Information supplied:
== == ==

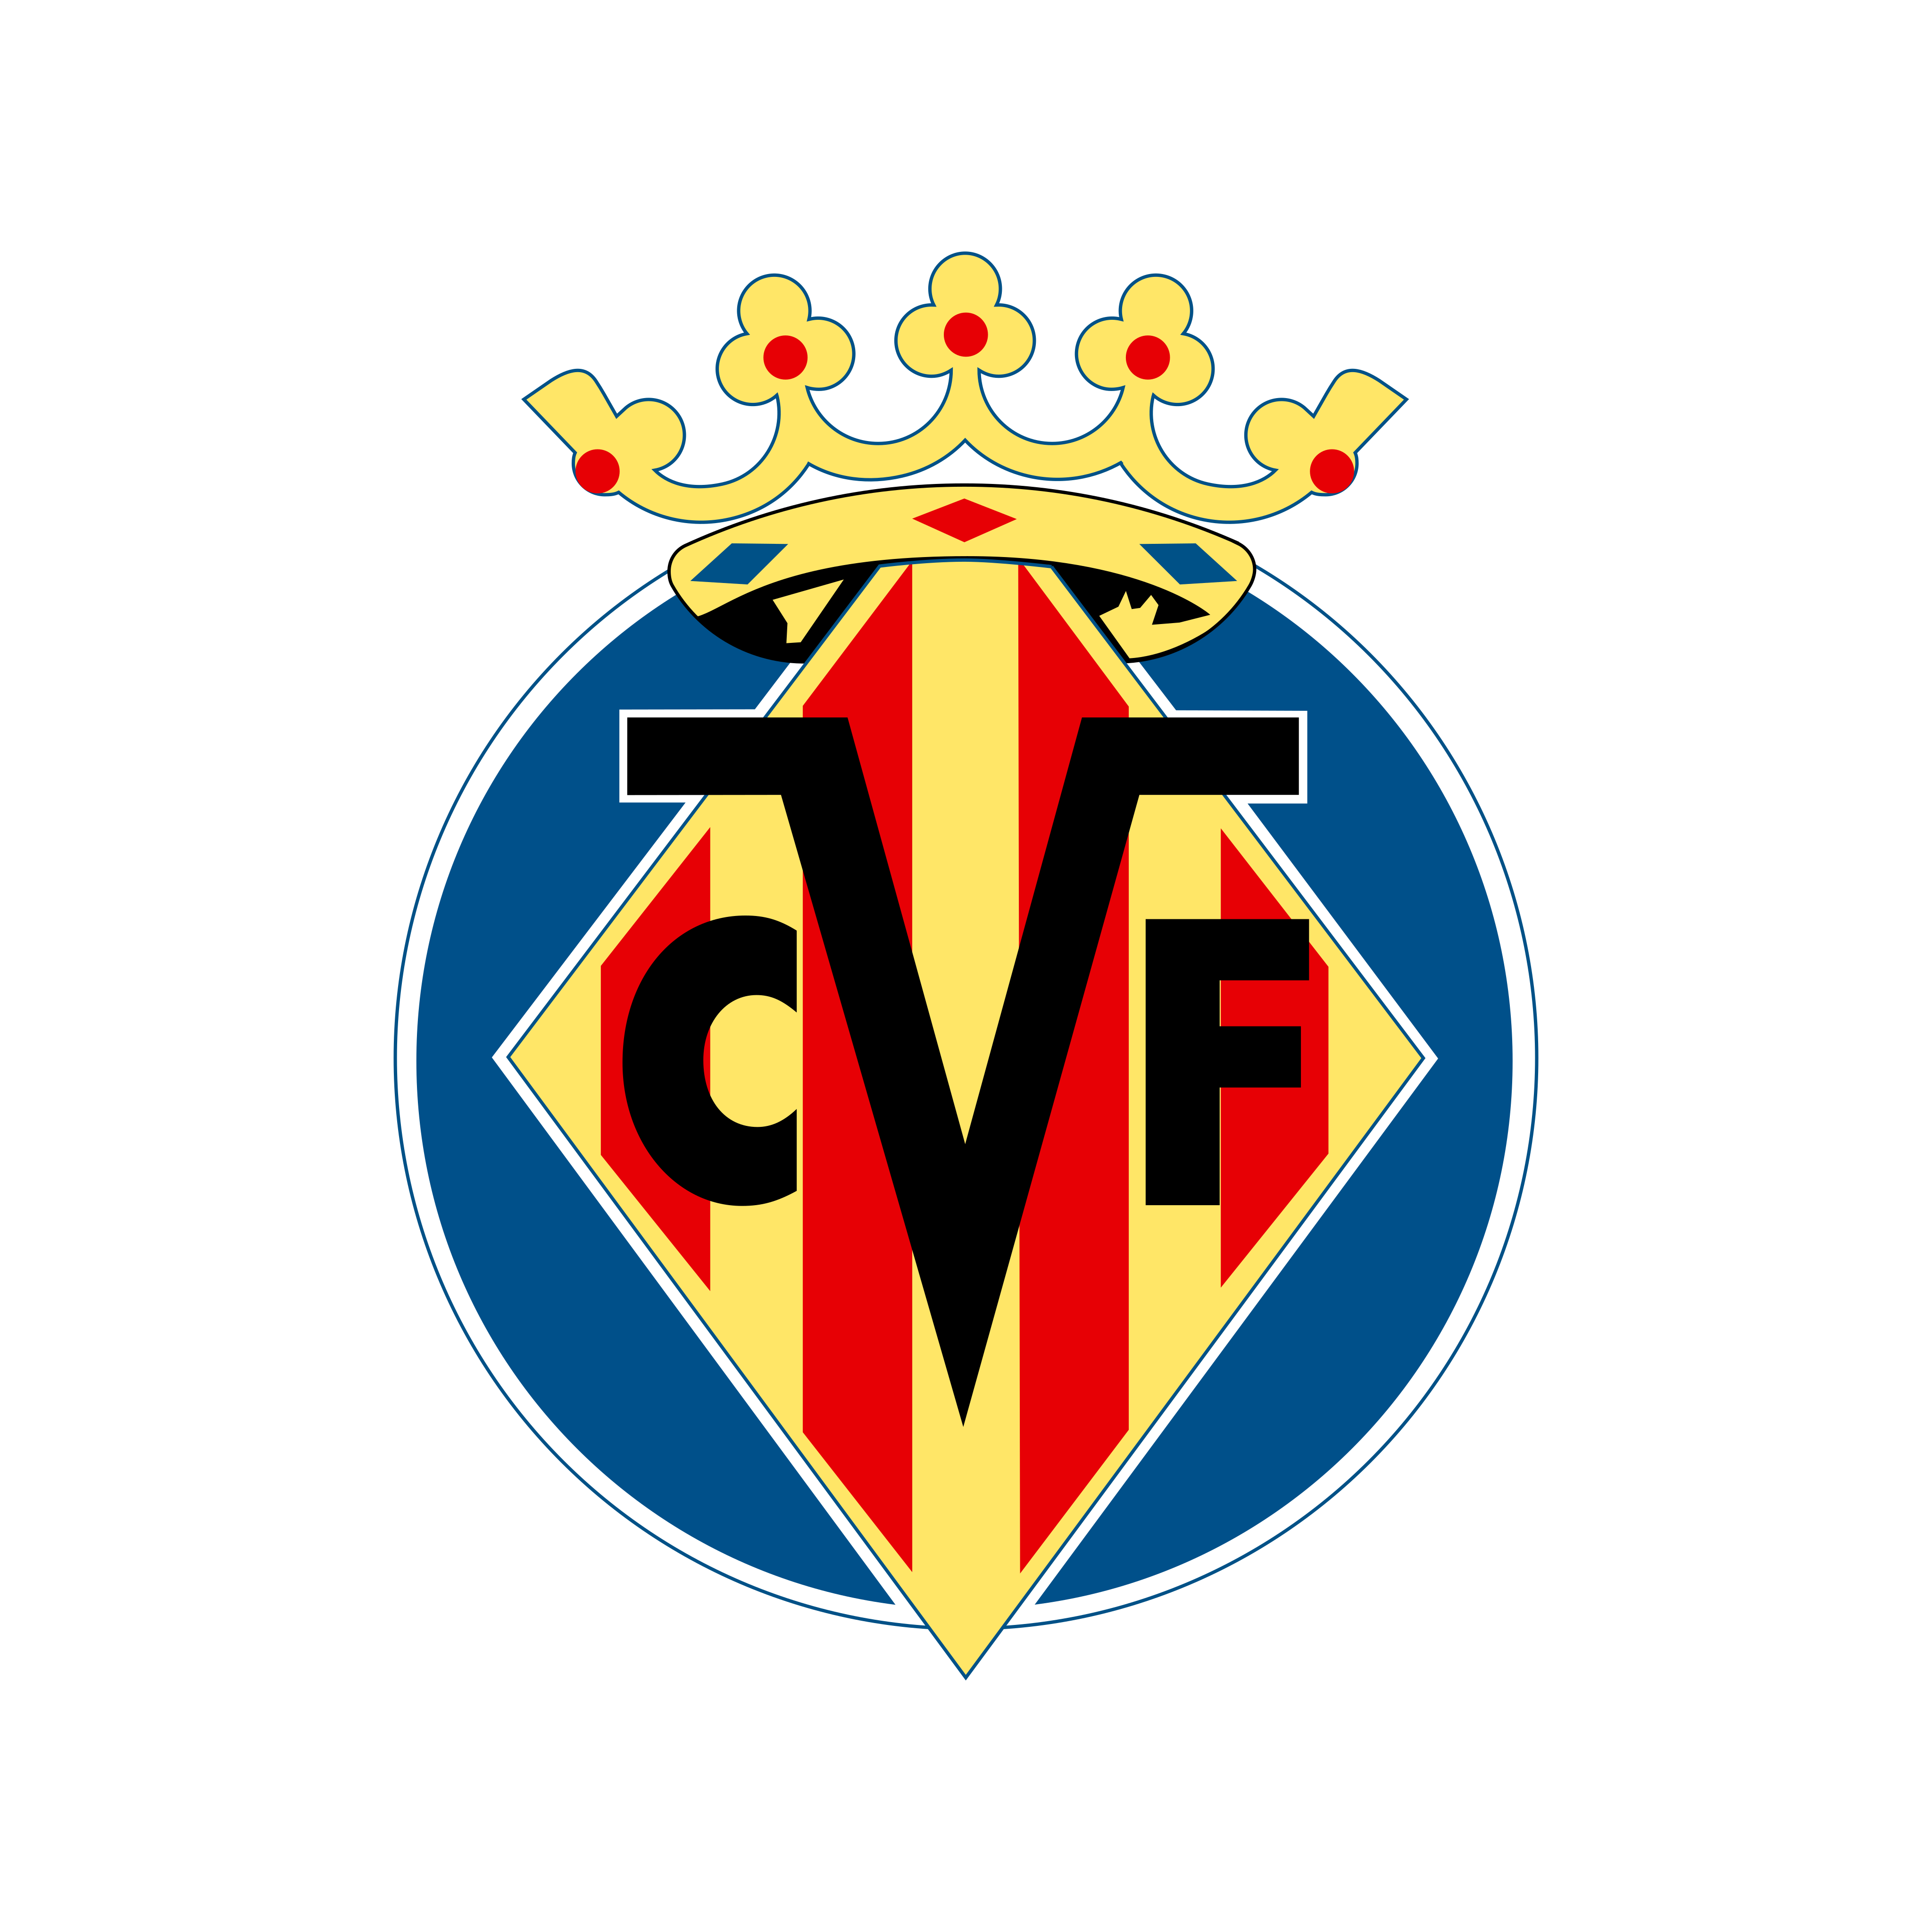 villarreal cf logo 0 - Villarreal CF Logo
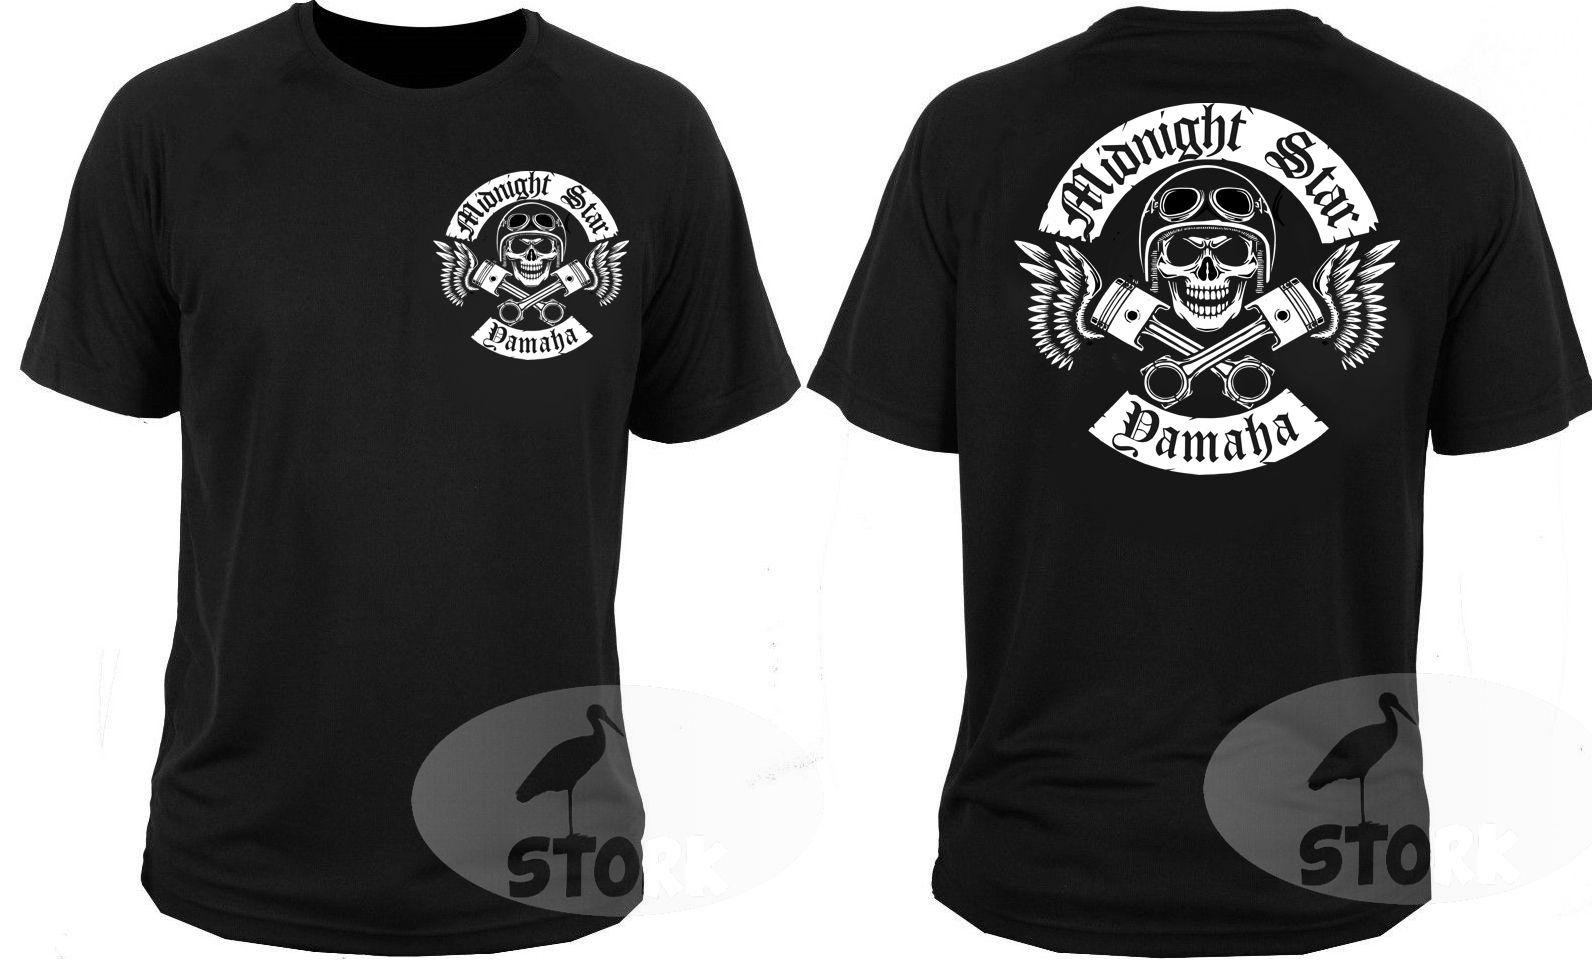 Newest 2017 Men's Fashion T Shirt T-shirt Midnight Star Cruiser Chopper Motorcycle Rockers Motorbike Cool T Shirts For Men
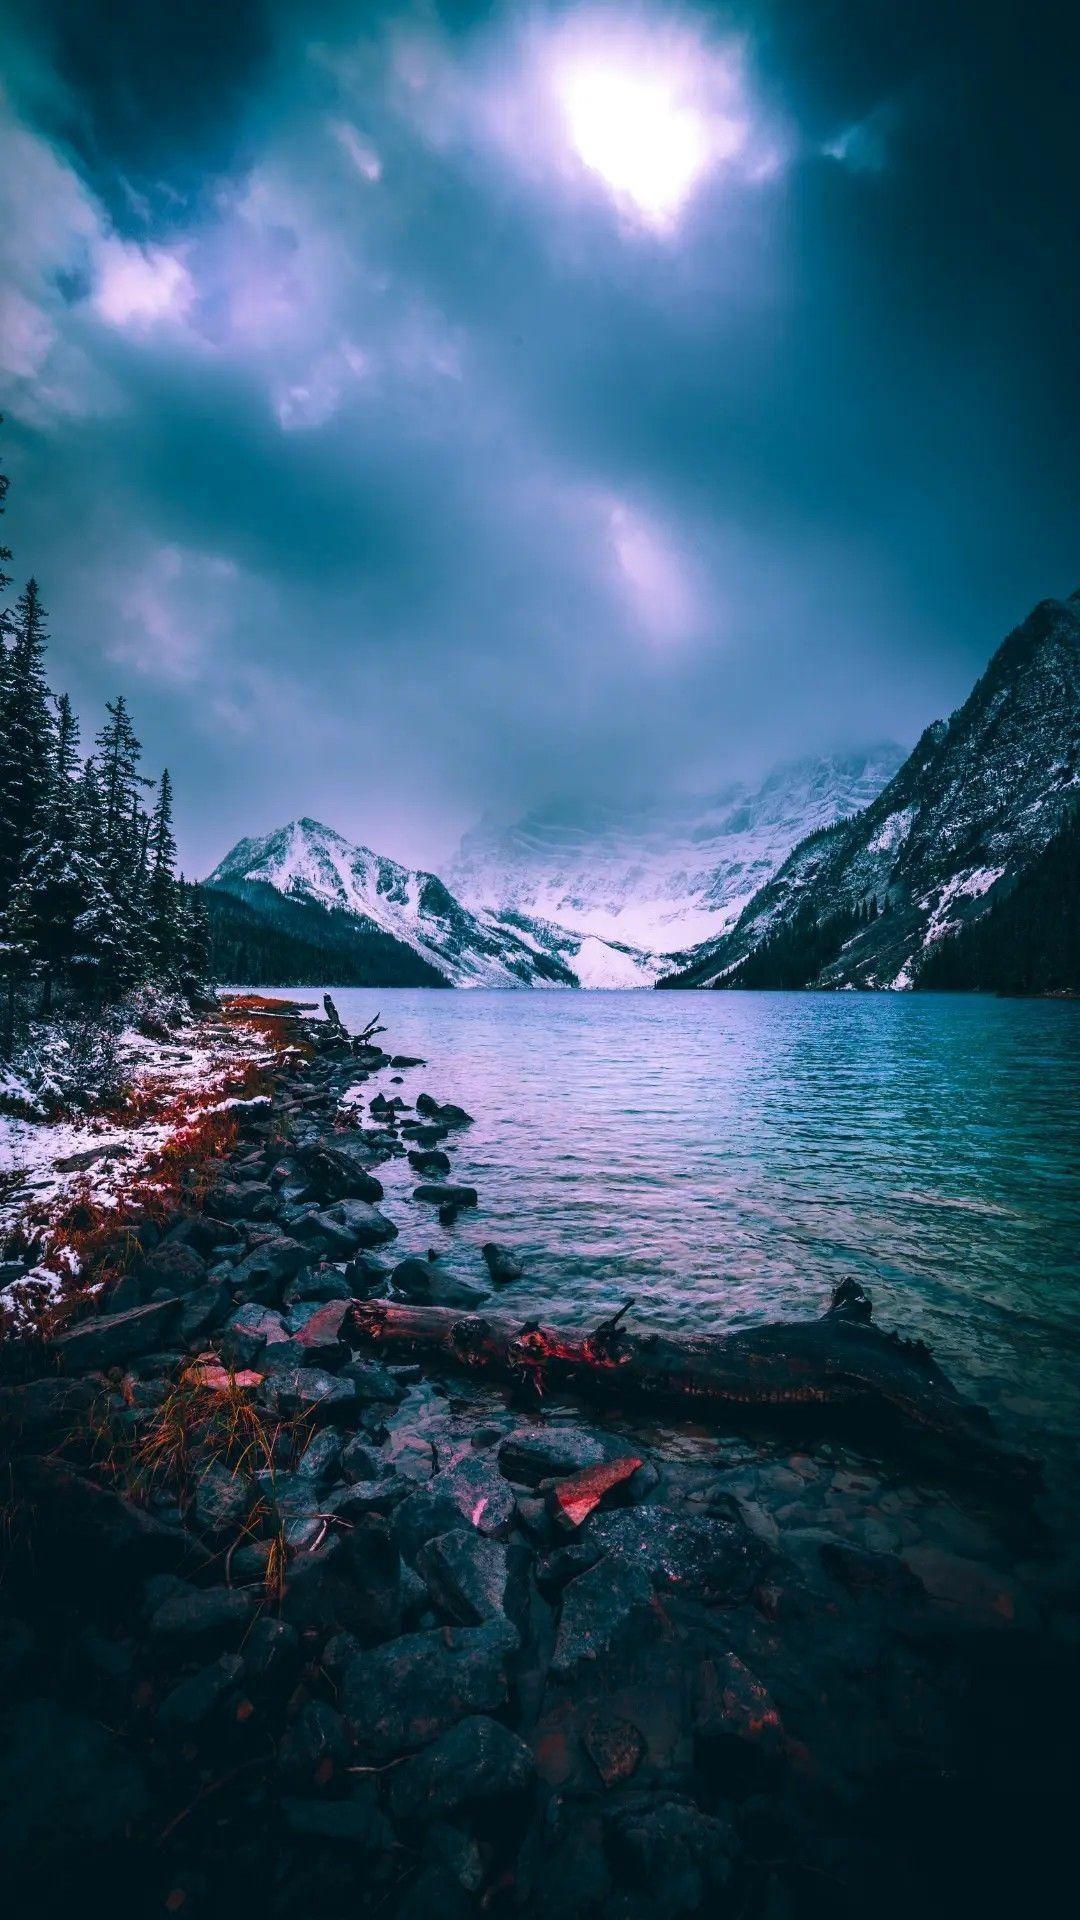 Unbelievable Unseen Nature Beauty Pics

== == ==

What this task involves:
Make an exact copy of the whole listing, but don't bring over any pictures.

Finished task:
 villarreal cf logo 0 - Villarreal CF Logo
 Newest 2017 Men's Fashion T Shirt T-shirt Midnight Star Cruiser Chopper Motorcycle Rockers Motorbike Cool T Shirts For Men
 Unbelievable Unseen Nature Beauty Pics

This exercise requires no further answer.